If you, like so many others, have found that overwhelming debt has become a fixture in your life, you may be exploring your options and trying to figure out how to get your finances back under your control. People in your circumstances often feel hopeless, but the good news is, there are a variety of options that may meet your needs. Regrettably, however, some companies tend to prey on those struggling with seemingly insurmountable debt, and they do not always engage in ethical tactics when doing so.

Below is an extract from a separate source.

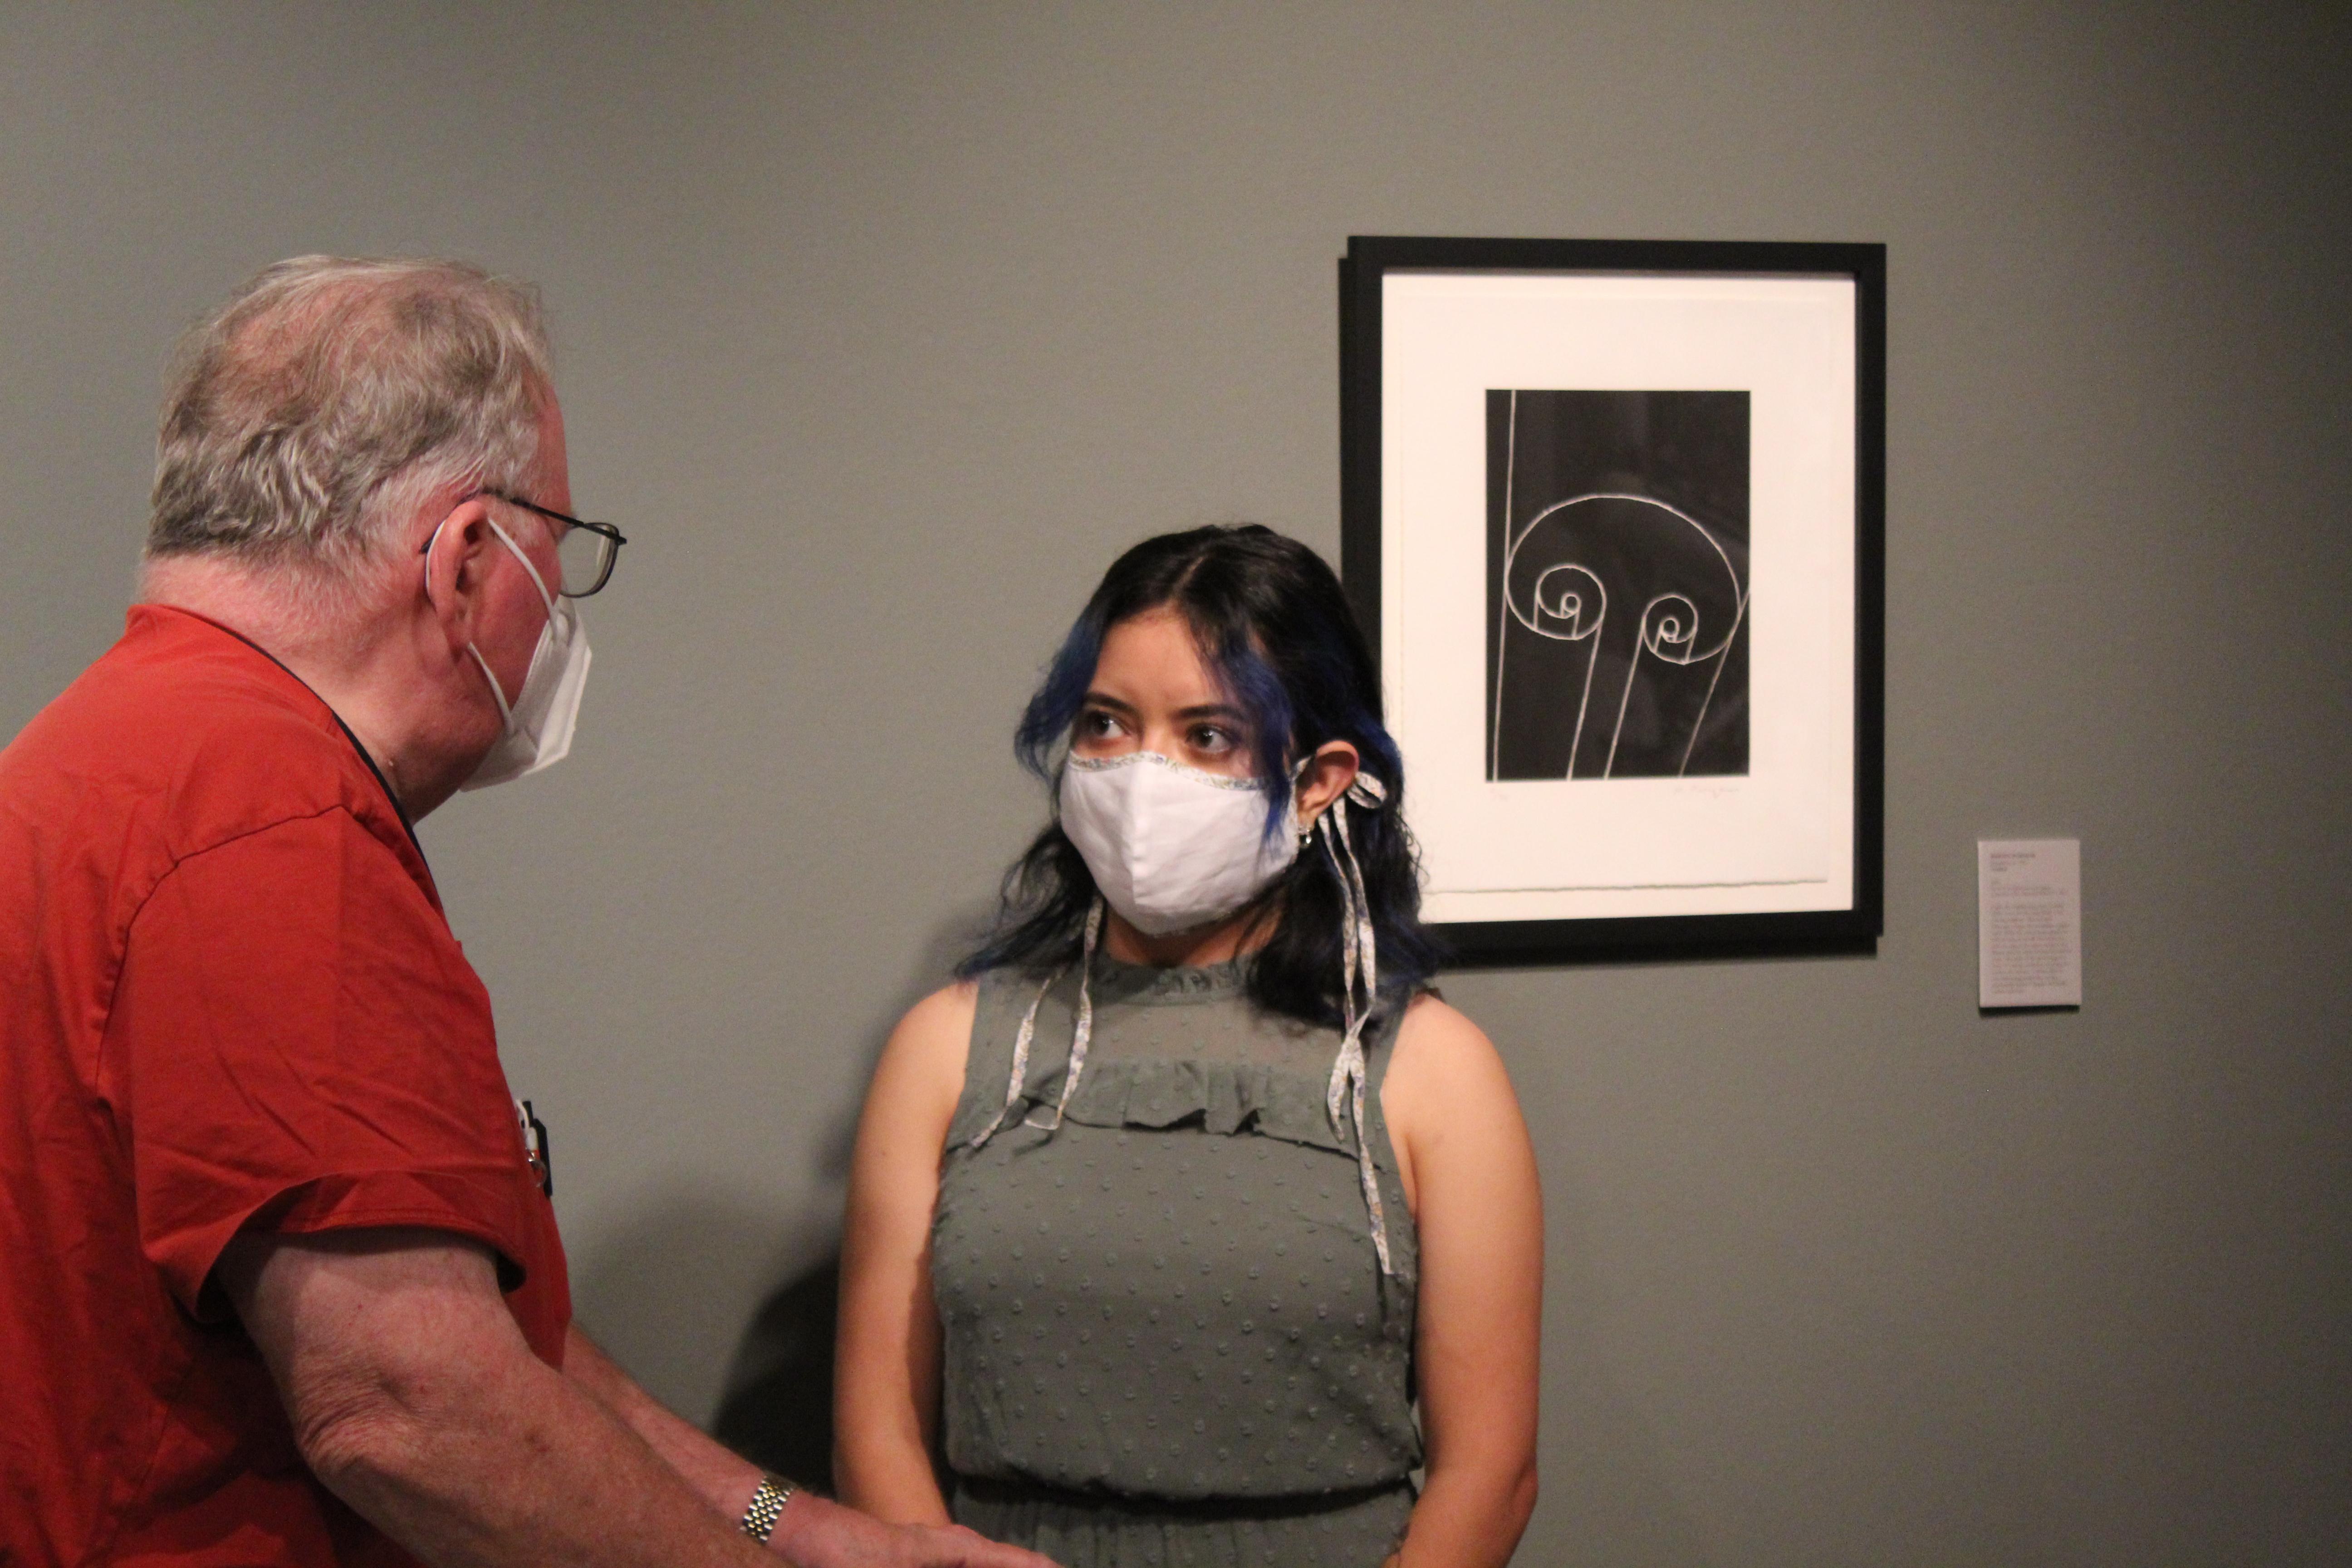 Merlyn Maldonado Lopez '21 discussing the exhibit at the Schmucker Art Gallery (Photo Maggie Galloway/The Gettysburgian)
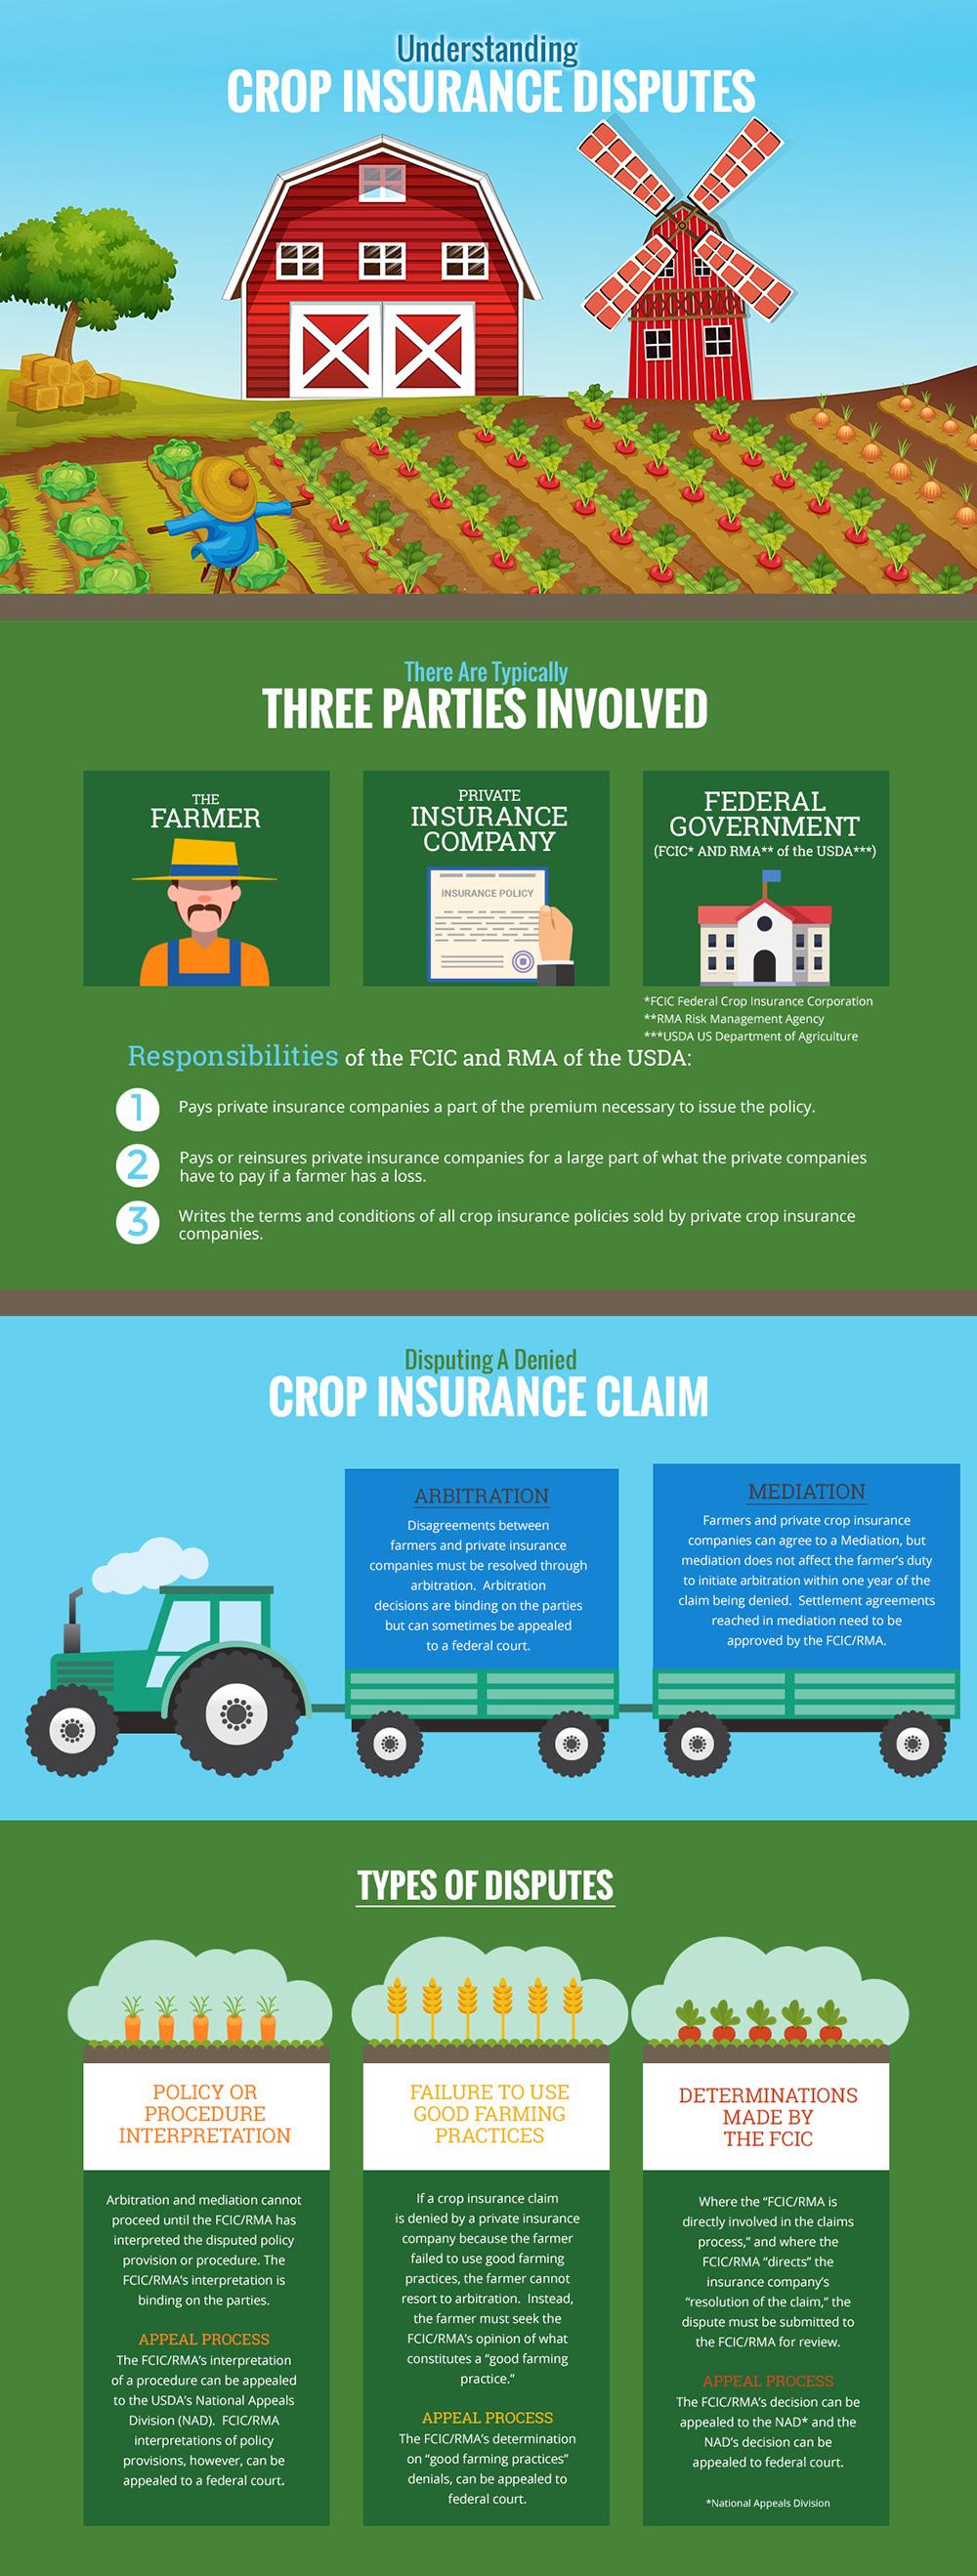 Crop Insurance Disputes Attorney

For example, if you are facing massive amounts of, say, credit card debt, you may start receiving offers from so-called debt settlement agencies that attest that they can resolve your debts for only a small fraction of what you owe. Sounds great, right? Keep in mind, however, that, as with many things in life, if something seems too good to be true, it just well might be.

Why you should be wary

Typically, debt settlement companies will tell you they can negotiate with your creditors and argue down the amount of debt you owe. The problem is, however, your creditors have absolutely no obligation to follow along with the debt settlement agency’s proposal, so what your debt settlement representative tells you may be far from the truth. A debt settlement company may also avoid telling you about other potential risks associated with the process, which might include your credit taking a serious hit, debt collectors continuing to blow you up, and so on.

Spotting potential scams

While debt settlement agencies may prey on your stress and desire for a fast solution, there are key signs to be on alert for that should serve as red flags. More specifically, think twice before signing on with a debt settlement company that charges upfront fees, or one that instructs you to cease all communications with your creditors without explaining the potential risks involved in doing so. Similarly, avoid signing on with any company that makes guarantees about eliminating your debt, as again, your creditors have no obligation whatsoever to comply.

Despite what debt settlement companies tell you, signing on with one is rarely your best option. Consider alternatives before signing on with a company with unethical intentions.